Sunday, April 4, 2010
Is Joanna Newsom's latest album a two-hour love letter to Andy Samberg?
I had a feeling that Joanna Newsom was up to something big. However, I definitely wouldn’t have guessed that she would go and release a three disc album, two hour album. Joanna Newsom’s first album, The Milk-Eyed Mender, was a batch of exquisitely written and sometimes clumsily (though more often transcendently) performed pop songs, cute enough for the teenage girls to love and literate enough for bearded college students to write theses on. Two years later Joanna, made a big splash with her five song, nearly hour long Ys, on which her songs took on new orchestral arrangements, became mystical and weird in that “Incredible-String-Band-meets-Van-Dyke-Parks” (literally) way and taught listeners the differences amongst meteors, meteorites and meteoroids. She continues to evoke an abstract, ancient, American mythos on Have One On Me, an album that encompasses the styles of her first two records but also makes forays into some interesting new directions.

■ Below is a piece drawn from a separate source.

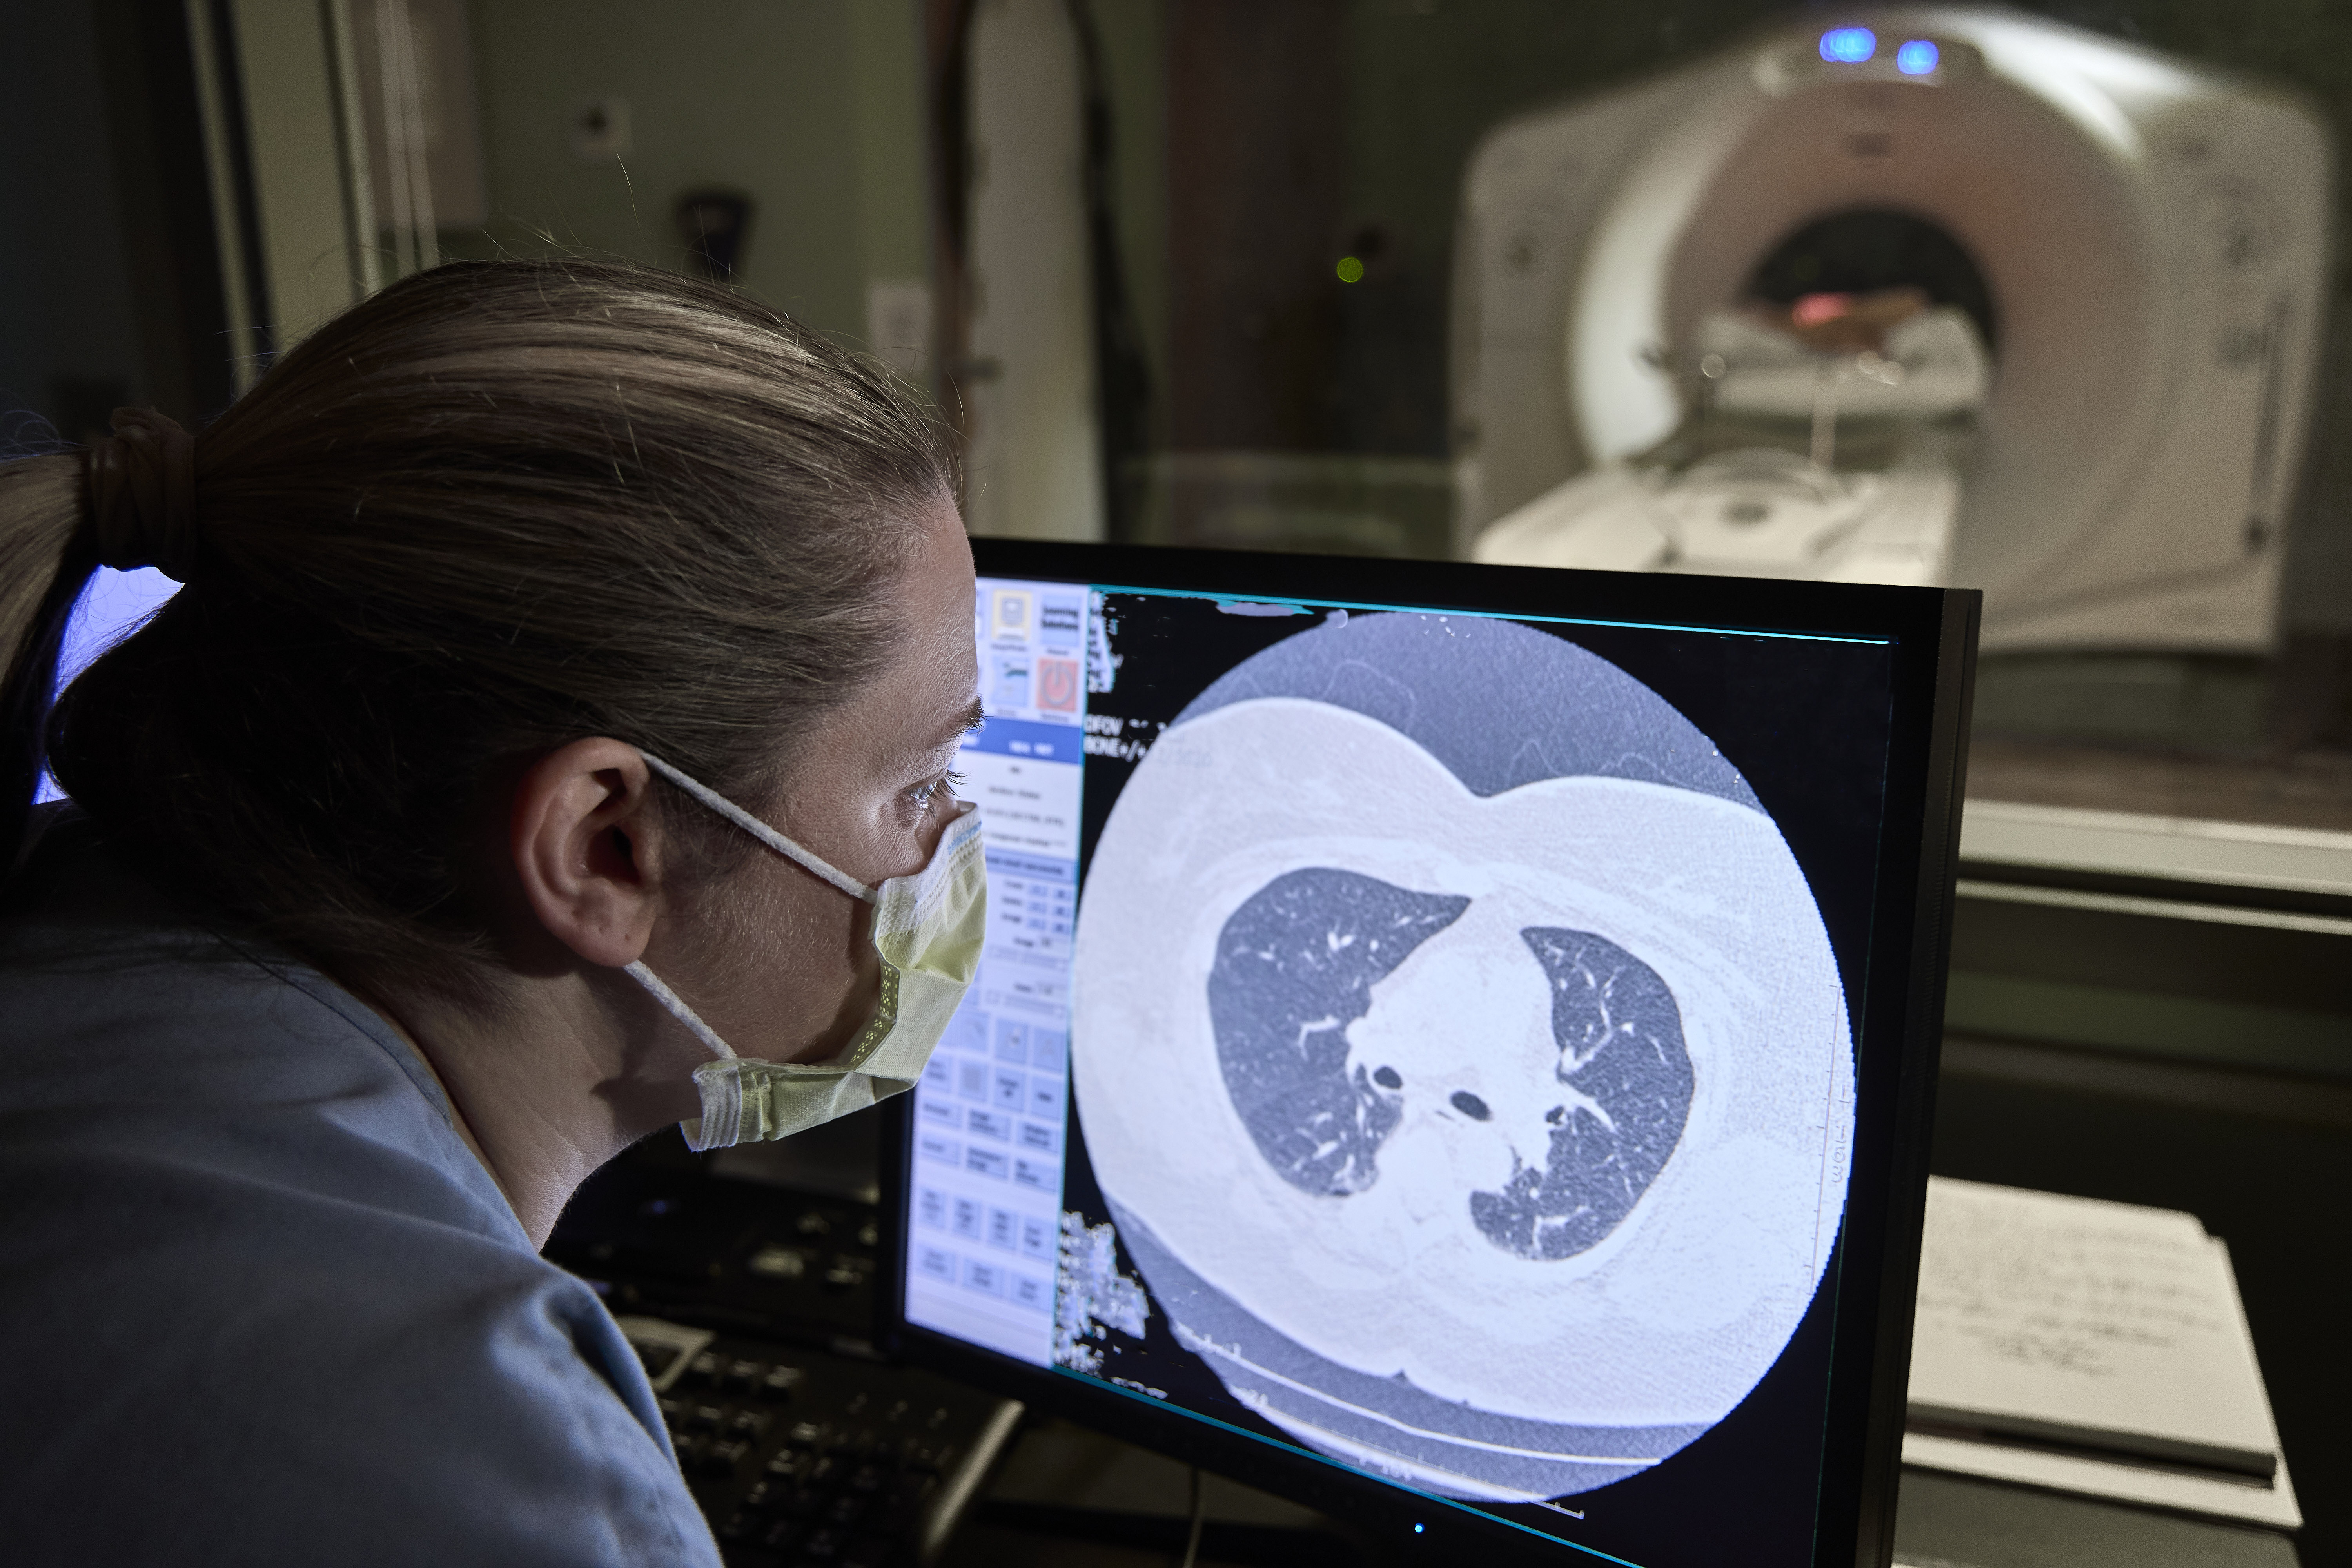 A Temple radiology professional reads a patient's lung scan

Have One On Me contains three six song discs, each that could stand alone on their own. The disc I listen to the most is the first. Although great, it contains impenetrably dense songs from start to finish. Have One On Me’s songs range from under two minutes in length to over eleven minutes. Disc one features “Good Intentions Paving Company,” and “Have One On Me,” perhaps the album’s best two tracks. Joanna Newsom composes great music, although for the first time, her writing is becoming a bit redundant.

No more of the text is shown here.